Potential Constraints on AI Buildout
Krishna identifies three to four broad factors that could slow down AI data center growth:
-
Power Constraint (The Power Wall):
- Issue: Data center growth is outpacing power availability. This also impacts broader electricity prices for consumers.
- Political Aspect: Local opposition to data centers due to electricity price concerns is growing.
- Fermy Example: The IPO of Fermy, a single-asset REIT focused on supplying power for data centers, illustrates the long lead times (6 years for the first nuclear reactor) and regulatory hurdles in securing power.
-
Demand Wall:
- Shift from Pre-training to Inference: Demand for compute decreases as AI models move from pre-training to inference.
- Model Efficiencies: Improvements in AI models could lead to a better balance between demand and supply, reducing the need for extensive capital spending.
-
Funding Issues:
- Rising Scale: As the scale of funding requirements increases, the ability to secure subsequent rounds of funding on sound financial footing will become crucial.
Hedging Strategies for Investors
Krishna offers insights into hedging strategies for investors concerned about potential market downturns or a slowdown in AI capex.
- Auxiliary Beneficiaries: Investors can look beyond the "hyperscalers" (major AI players) to sub-sectors within energy, industrials, power, and utilities that benefit indirectly from AI capex.

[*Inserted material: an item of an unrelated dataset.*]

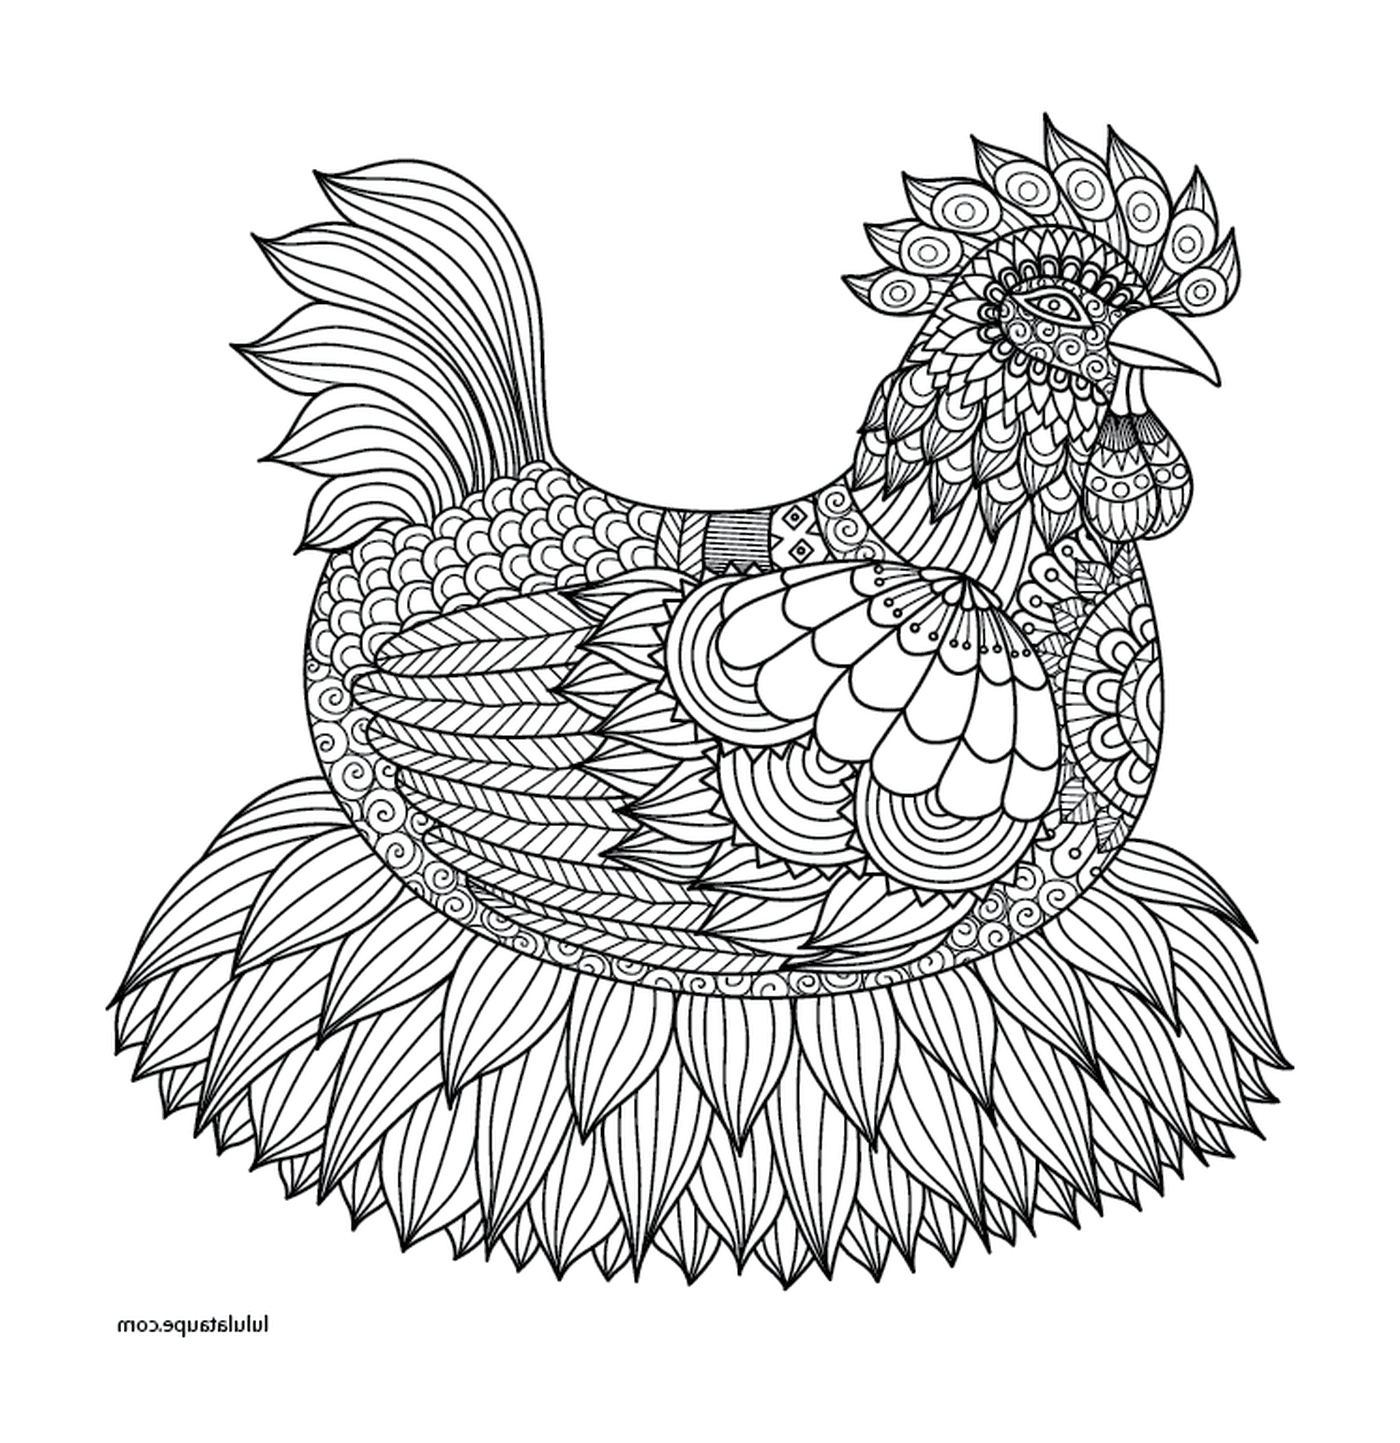  Elegantly designed adult chicken

However, exuberance is already showing in these areas, with multiples rising rapidly (e.g., hard drive companies trading at 20x earnings, up from single digits).
- Equity Euphoria Index: Barclays' derivatives team has launched an "Equity Euphoria Index," which currently shows near-peak levels of euphoric behavior among stocks, particularly smaller companies that are AI auxiliary beneficiaries.
- Cheap Options: A suggested strategy is to look for cheap options on these beneficiaries and buy protection.
- Selling Out-of-the-Money Calls and Buying Puts: For companies trading at high multiples due to AI hype, investors can sell out-of-the-money call options to generate premium income. This income can then be used to buy put options, effectively hedging against a potential price decline. This strategy limits upside potential but provides downside protection.
- DeepSea Example: The "DeepSea" event (concerns about Chinese companies' AI capabilities) is cited as an example where hyperscalers and auxiliary beneficiaries experienced sell-offs, leading to a rotation into more defensive and quality/value names. This demonstrates that even during a broad market downturn, 70% of S&P stocks can still be up, highlighting the importance of seeking protection.
Conclusion
The discussion emphasizes that while AI infrastructure spending is robust and unlikely to disappear, investors should be aware of potential risks and consider hedging strategies. The complex interdependencies within the AI ecosystem, the potential for overbuilding, and the constraints of power availability are key concerns. The conversation concludes by reiterating the prudence of protecting oneself against potential slowdowns in capex spending.